Task requirements:
Everything in the data gets repeated exactly, except for the pictures.

Given data:
——
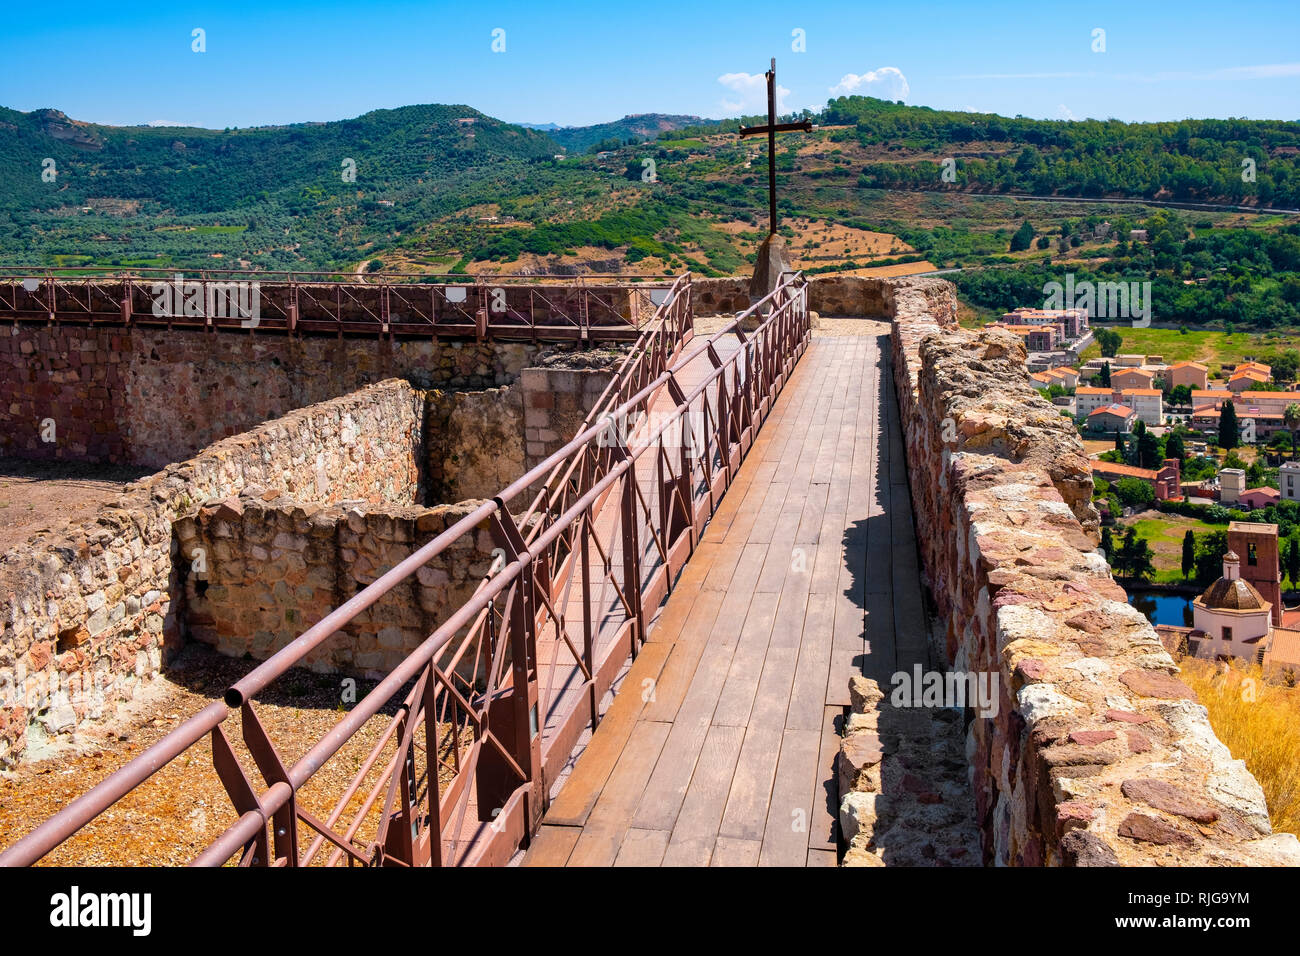 Bosa, Sardinia / Italy - 2018/08/13: Malaspina Castle, known also as Castle of Serravalle, with monumental historic defense walls and fortification Stock Photo
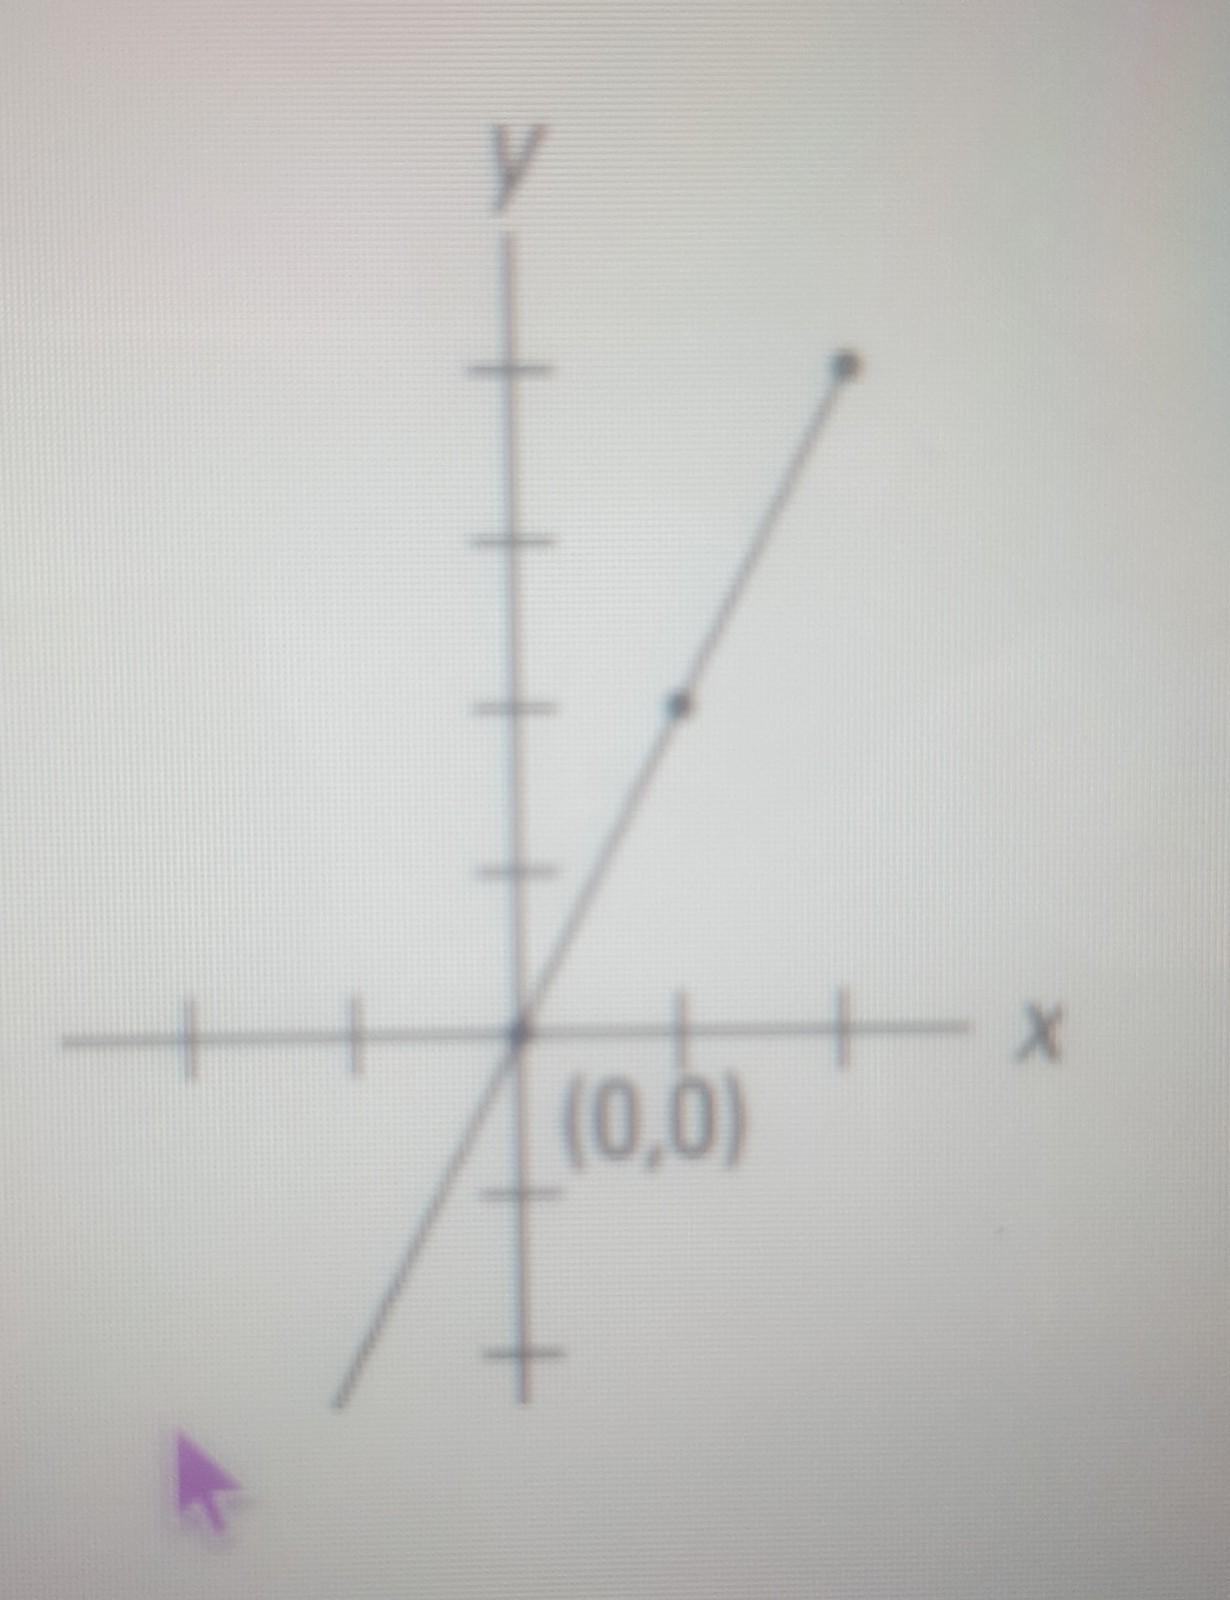 PLEASE ANSWER QUICKLY IN TEST NOW!!! 10 POINTS AND PHONE ABOUT TO DIE!!In The Graph Below, What Is The
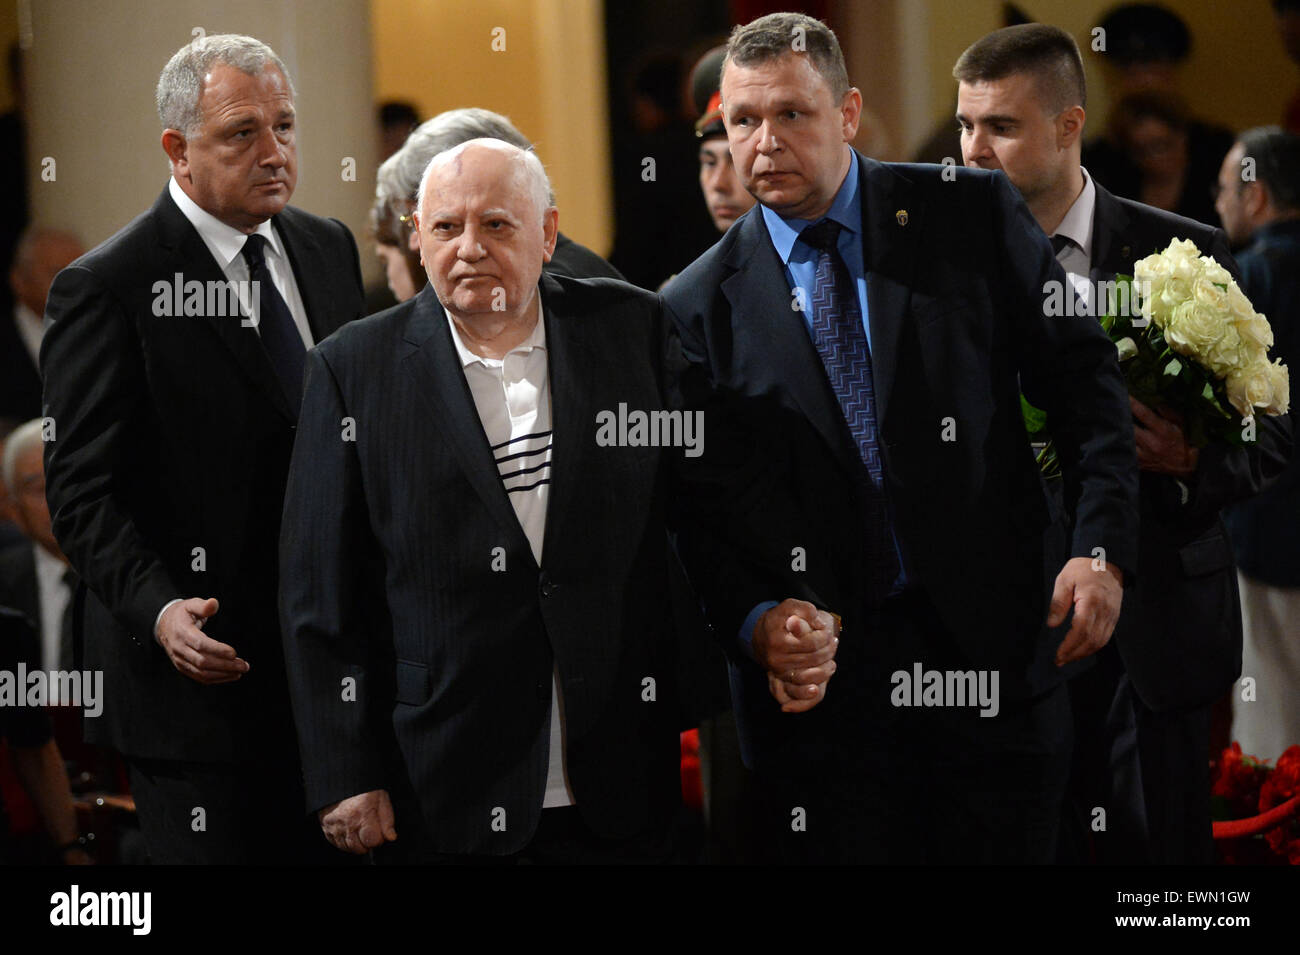 (150629) -- MOSCOW, June 29, 2015(Xinhua) -- Former Soviet Union president Mikhail Gorbachev (L front) attends the funeral ceremony of Russia's former prime minister Yevgeny Primakov in Moscow, Russia, June 29, 2015. (Xinhua/Pavel Bednyakov)(azp) Stock Photo
——
Answer box:
 Bosa, Sardinia / Italy - 2018/08/13: Malaspina Castle, known also as Castle of Serravalle, with monumental historic defense walls and fortification Stock Photo
 PLEASE ANSWER QUICKLY IN TEST NOW!!! 10 POINTS AND PHONE ABOUT TO DIE!!In The Graph Below, What Is The
 (150629) -- MOSCOW, June 29, 2015(Xinhua) -- Former Soviet Union president Mikhail Gorbachev (L front) attends the funeral ceremony of Russia's former prime minister Yevgeny Primakov in Moscow, Russia, June 29, 2015. (Xinhua/Pavel Bednyakov)(azp) Stock Photo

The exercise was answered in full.